Tuesday, July 12, 2011

Bible Truth #49 - 1 John 2:1-2

1  My dear children, I write this to you so that you will not sin. But if anybody does sin, we have one who speaks to the Father in our defense—Jesus Christ, the Righteous One.
2  He is the atoning sacrifice for our sins, and not only for ours but also for the sins of the whole world.

Since I just wrote about verses from both the Old Testament and New Testament (Bible Truths #47 & #48) that CLEARLY say Jesus gave His life as a ransom for MANY, and justified MANY - verse 2 above can NOT mean what it seems to say - that He died for the sins of every human being who ever lived or will live. That would be a contradiction in God’s Word and there are none.

Some of the following is taken from The Potter’s Freedom authored by Dr. James White.

The Arminian understanding: Jesus is the atoning sacrifice for the sins of all Christians, and not for Christians only, but also for every single person who ever lived or will live.

The Reformed (Calvinist) understanding: Jesus is the atoning sacrifice for the sins of all the Christians to whom John was writing, and not only them, but for all the Elect throughout the world, past, present, and future.

Let me offer an explanation that clears up what seems to be a contradiction. If those who believe in decisional salvation would not see RED every time a reasonable explanation is made to passages they believe can support only their position, the means of determining which explanation is the proper one would be agreed by all: the meaning of “atoning sacrifice” would be examined resulting in the “one who speaks to the Father in our defense” from verse 1. Then all of John’s writings would be studied to see how he uses “the whole world” as well as what other similar phrases could be equally compared with it. For example, here is an equivalent passage:

And they sang a new song: "You are worthy to take the scroll and to open its seals, because you were slain, and with your blood you purchased men for God from every tribe and language and people and nation. You have made them to be a kingdom and priests to serve our God, and they will reign on the earth.” (Revelation 5:9-10)

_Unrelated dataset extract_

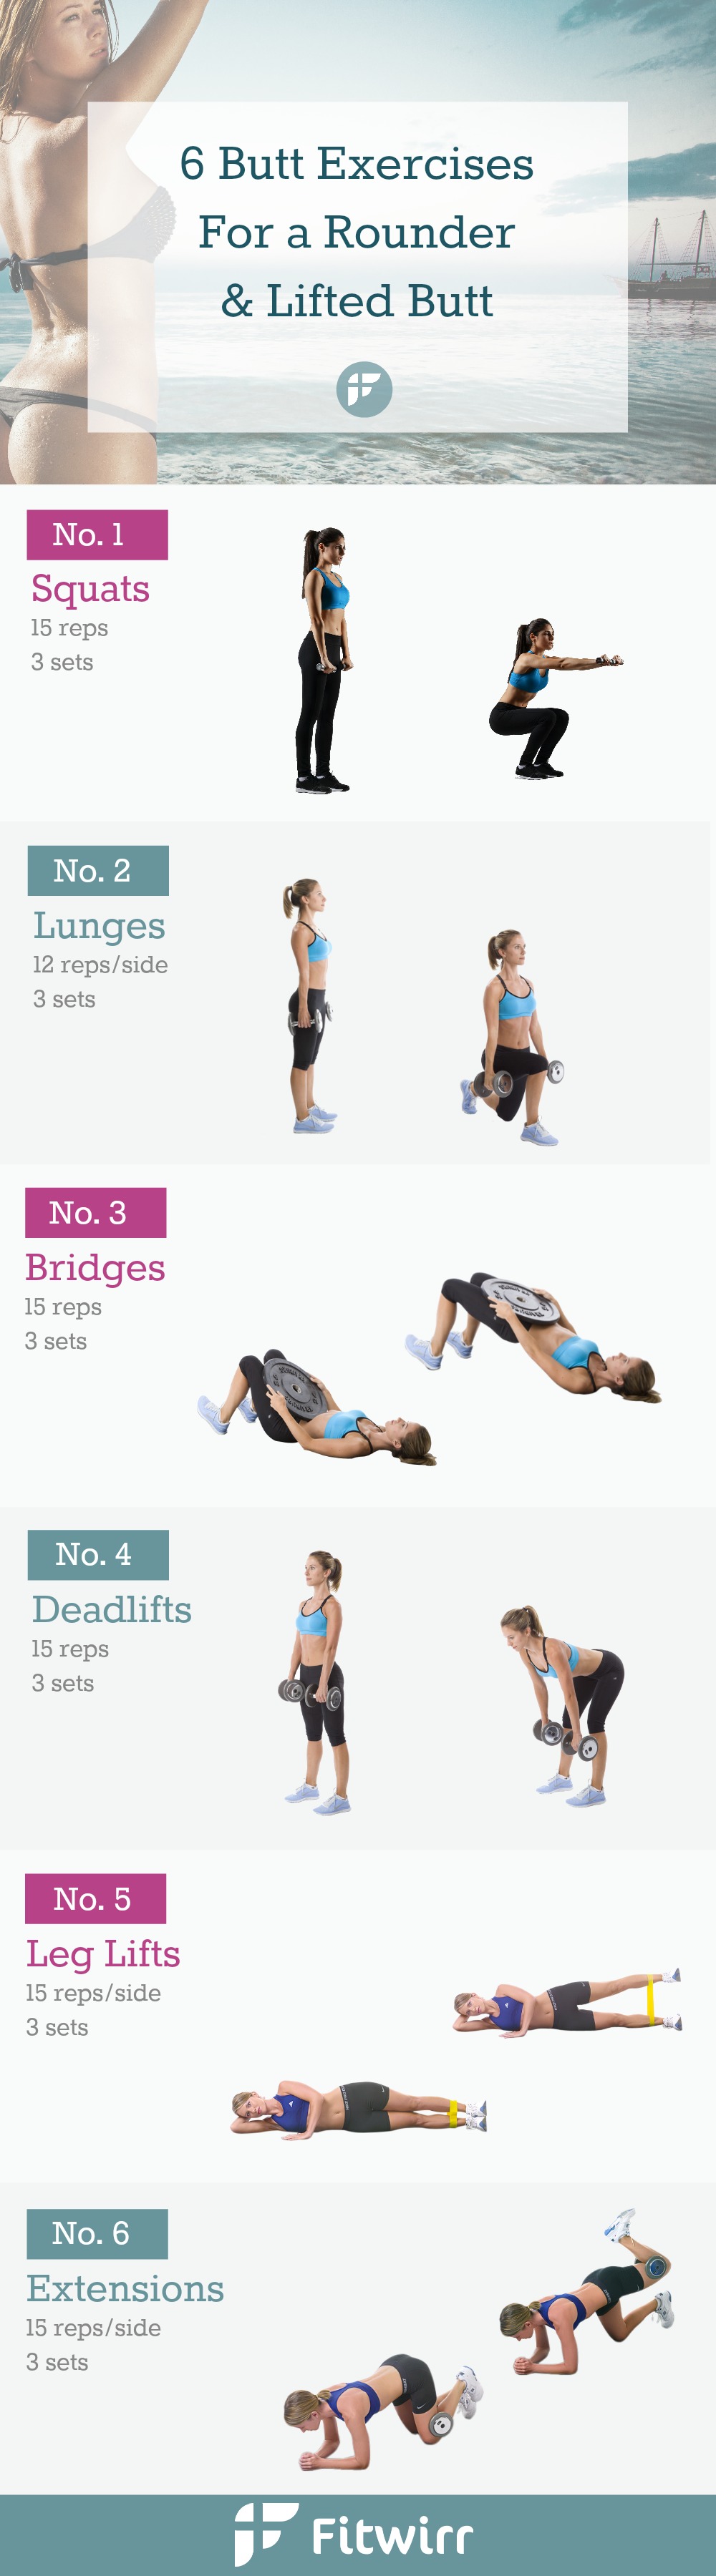 Intense Booty Workouts That Will Give You A Bigger Firmer Butt TrimmedandToned

This passage is relevant to my explanation because 1) it speaks of Christ’s death and His Blood; 2) it speaks of Christ purchasing men for God; 3) provides a specific description of the extent of His work of redemption, that being “men for God from every tribe, language, people, and nation. This passage sheds significant light upon 1 John 2:2 for it is obvious that this passage in Revelation is NOT saying that Christ purchased every man who ever lived. Obviously, this is the same concept to “the world” in the passage of 1 John 2:2. Here is another:

But one of them, Caiaphas, who was high priest that year, said to them, "You know nothing at all, nor do you take into account that it is expedient for you that one man die for the people, and that the whole nation not perish." Now he did not say this on his own initiative, but being high priest that year, he prophesied that Jesus was going to die for the nation, and not for the nation only, but in order that He might also gather together into one the children of God who are scattered abroad. (John 11:49-52)

Again, please note the relevance: 1) the context is the death of Christ; 2) the object of the death of Christ is identified (children of God); 3) the generic term “people” is more closely identified as “the children of God who are scattered abroad.” The point of the passage is that Christ dies with a specific purpose in mind, so that He might gather together into one the children of God who are scattered abroad. Nothing is said about making them “savable.” Nothing is said about providing the opportunity for them to join in the gathering. And nothing is said of any option for the children of God to reject the gathering. His death enables Him to gather them together in one (fulfilling John 6:38-39). And we also see the direct relevance to 1 John 2:2 and the meaning of “the whole world.”

Yes, 1 John 2:2 standing alone can be interpreted to support either the Arminian or Reformed understanding but in light of the rest of God's Word, it can be accurately and properly interpreted only one way - the Reformed (Calvinist) understanding.

So, regarding Jesus’ atoning death, does the man who believes in decisional salvation have an explanation for what appears to be a contradiction between the verses containing the word “many” and the ones containing “all” or “world”? Does the Arminian still believe that “many” in both the Old and New Testaments means all?